Índice
Espelho da Teoria e a Prática: a experiência acadêmica na  Hertie
Reflexões sobre o futuro
Conclusão

Neste artigo, apresento minha experiência como pesquisadora associada na Hertie School, a partir da minha perspectiva como servidora, a fim de impactar aqueles que acreditam que a melhoria do serviço público e seu impacto sobre as mudanças nas políticas perpassa diretamente o aprimoramento de seus profissionais.

Servidora pública federal de carreira, há dez anos atuo em prefeituras no Brasil. Primeiro como secretária de Planejamento e Fazenda em Niterói, no estado do Rio de Janeiro; agora, como secretária de Fazenda em Salvador, capital da Bahia. Meu interesse no programa financiado pelo Instituto República.org deu-se com o objetivo de aprofundar meus conhecimentos sobre processos de reforma e gestão de recursos públicos, sejam eles financeiros, políticos ou humanos.

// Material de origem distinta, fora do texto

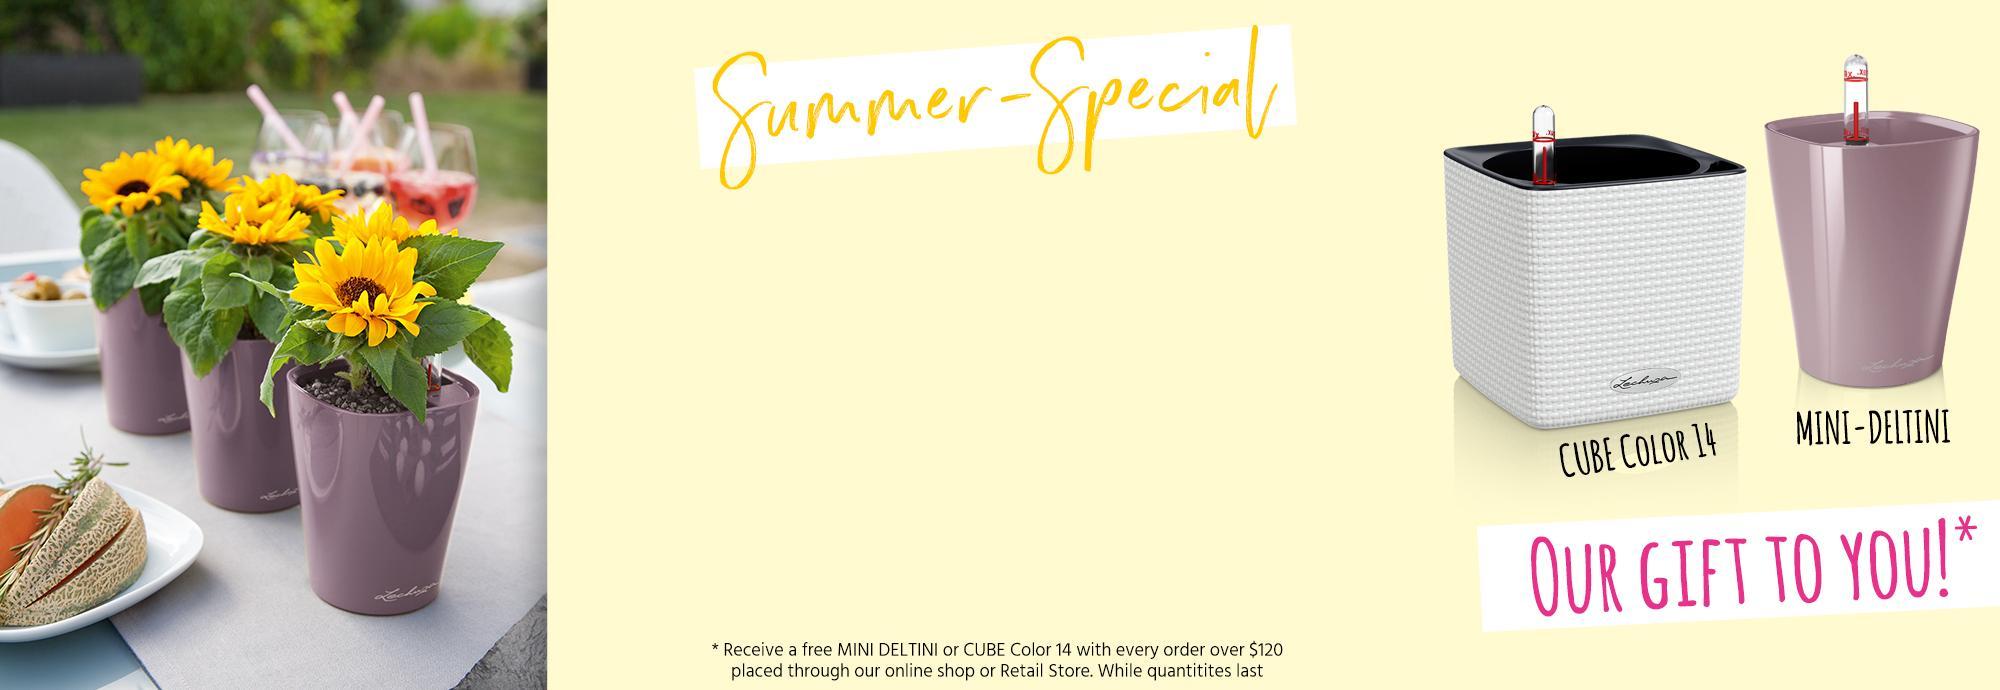 hero_banner_promo-summer-special_ca_en
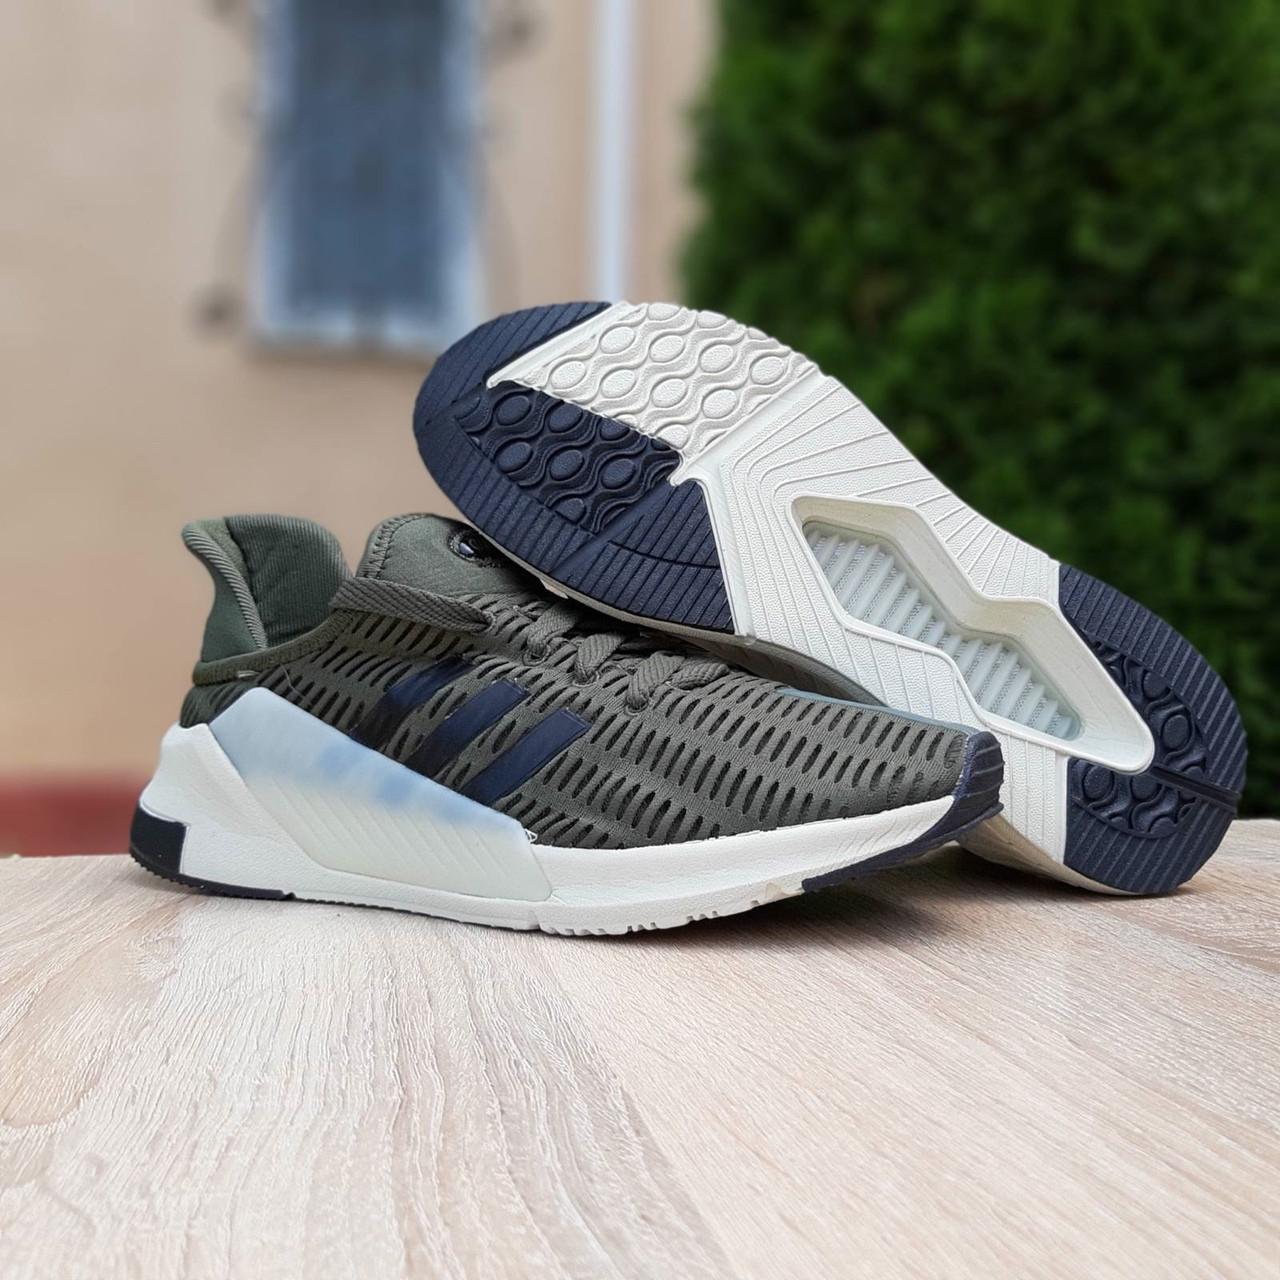 Кроссовки распродажа АКЦИЯ 550 грн Adidas Climacool 41й(25,5см),43й(26,5см),44й(2 последние размеры люкс копия

A oportunidade de estar na Hertie School, uma das melhores escolas de governança pública no mundo, permitiu o necessário afastamento, por um breve período, de minhas funções executivas para retomar leituras, reflexões e análises que, no dia a dia, as tarefas ordinárias relativas ao cargo que ocupo que não permitem que eu dê a devida atenção.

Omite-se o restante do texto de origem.